Au moment où la R.D.A. érige le mur de Berlin, La Déplacée jouée devant les cadres de l’Etat des ouvriers et paysans et mise en scène par Bernhard Klaus Tragelehn, est interdite sine die. Et Heiner Müller, exclu de l’Union des Écrivains, échappera à la déportation en rédigeant son autocritique, sous la dictée d’Hélène Weigel, la comédienne et veuve de Bertolt Brecht…
Bernard Bloch nous fait découvrir cette œuvre jamais représentée en France, dont l’auteur s’avère le digne héritier de Bertolt Brecht. Outre son intérêt historique et quasi-archéologique, nous prenons plaisir à entendre, dans une langue imagée et rugueuse, son humour diabolique, sa lucidité terrible et prémonitoire, et  sa féroce intelligence dialectique.  Mais même réduite, la pièce peine à trouver son rythme pendant deux heures et demi…  Comme si elle s’essoufflait, et les jeunes comédiens aussi, sa virulence  comique s’émousse.  Il aurait sans doute fallu la raboter davantage, supprimer quelques personnages périphériques et certaines séquences, et n’en rester qu’au noyau  dur des enjeux.

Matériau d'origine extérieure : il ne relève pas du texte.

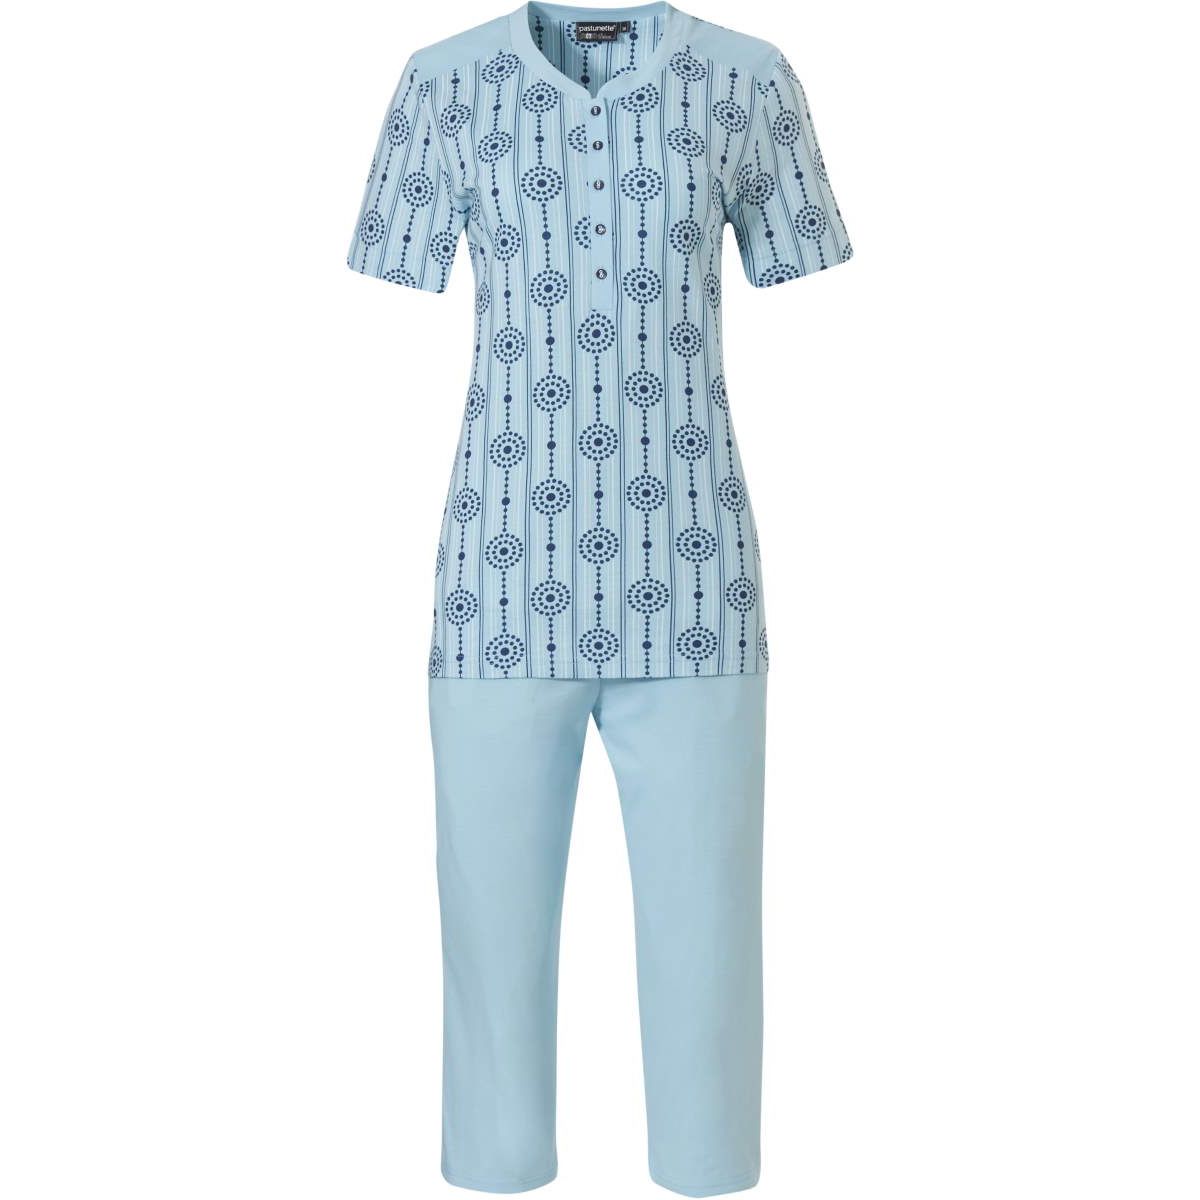 Pastunette de luxe pyjama met capri broek - 25221-338-4 - Turquoise

Malgré quelques scènes très réussies, comme les adieux de La Déplacée à son ivrogne d’amant, ces moments forts restent isolés dans une longue suite de tableaux didactiques à la facture inégale. On a vu les élèves de l’EDT91 plus à l’aise, par exemple au Festival des écoles à la Cartoucherie, ou dans Traces d’Henry VI, mise en scène par Agnès Bourgeois à L’Anis Gras à Arcueil (voir Le Théâtre du Blog).

 Mireille Davidovici

 Théâtre du Soleil, Cartoucherie de Vincennes jusqu’au 22 mai. T. 01 43 74 24 08.